Y revisaban los dos: La madre y el cartero. Nada.
Desde puntos lejanos llegaba el eco de los estampidos. Los cañones
cumplían su misión devastadora y trágica. Las bocas enormes apuntaban
hacia las ciudades para derrumbar en un minuto, lo que había sido
construido en siglos de trabajo incesante. Aquellos estampidos estremecían
de horror el corazón de las madres, de las hermanas, de las novias.

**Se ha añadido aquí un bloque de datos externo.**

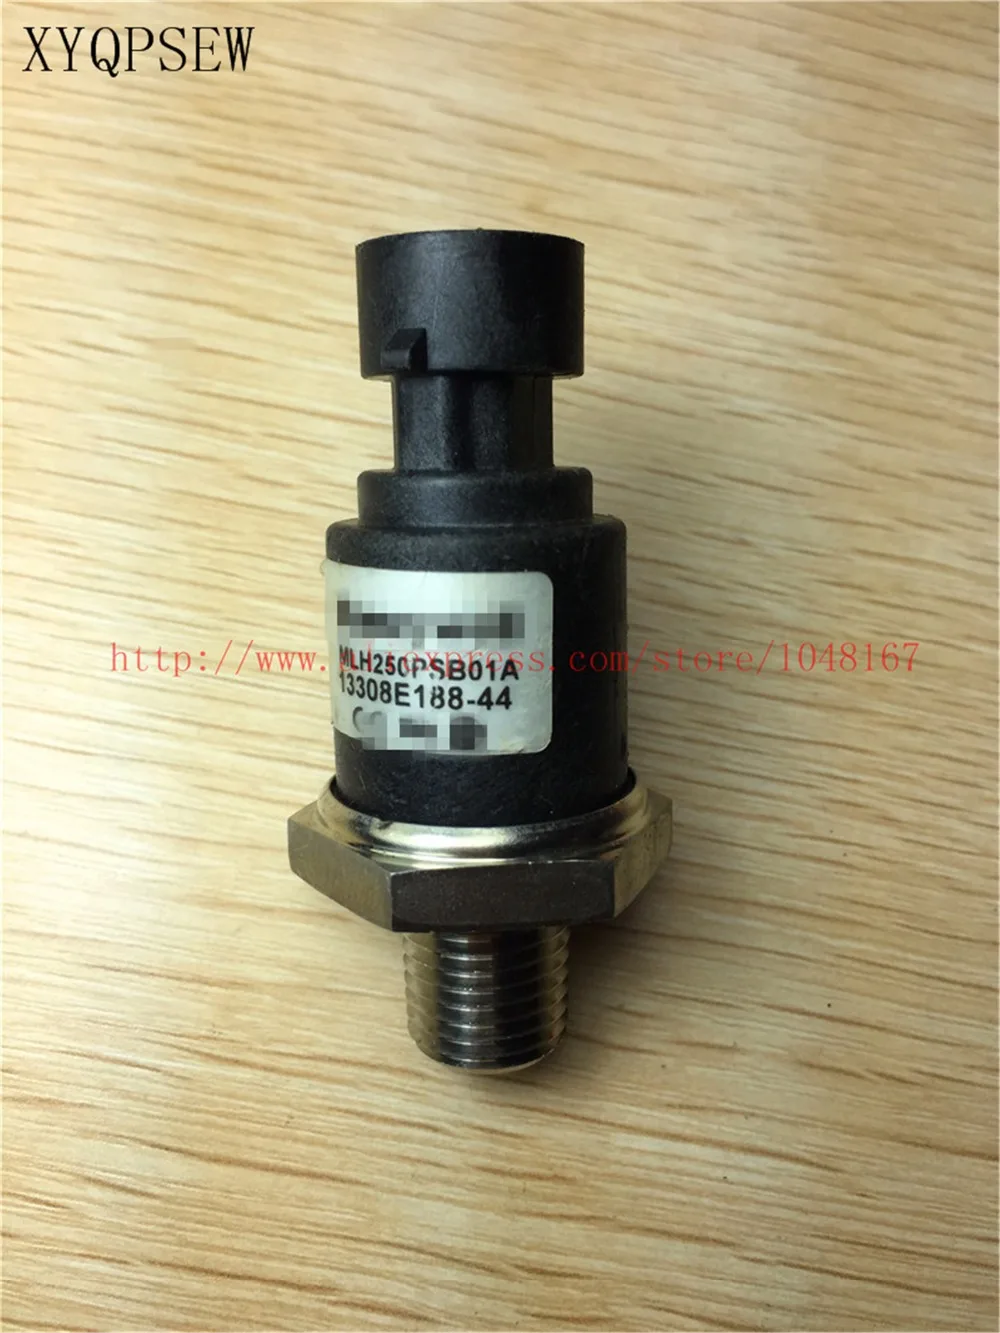 

XYQPSEW For Honeywell industrial pressure sensor, RoHS limit switch,MLH250PSB01A,13308E188-44

Y sucedió lo inevitable. Una bala hirió mortalmente a Juan Salavert en el
hombro izquierdo. Sus compañeros, otros muchachos como él, avanzaban
enloquecidos entre nubes de polvo y humo. El herido, bajo la acción de la 62
fiebre, vio entonces reproducirse ante sus ojos la escena de la despedida y
sus labios se movieron para pronunciar estas palabras:
Vamos papá. . . un abrazo. . .Y tu mamá, no llores. . . volveré pronto. . . Y
cayó para siempre.
Cinco años habían transcurrido desde el día de la partida. Los viejitos se
encontraban, ahora, junto a la mesa, a la hora del almuerzo.
¿Por qué no comes, María?
Sí, sí, tengo poco apetito. No me siento bien.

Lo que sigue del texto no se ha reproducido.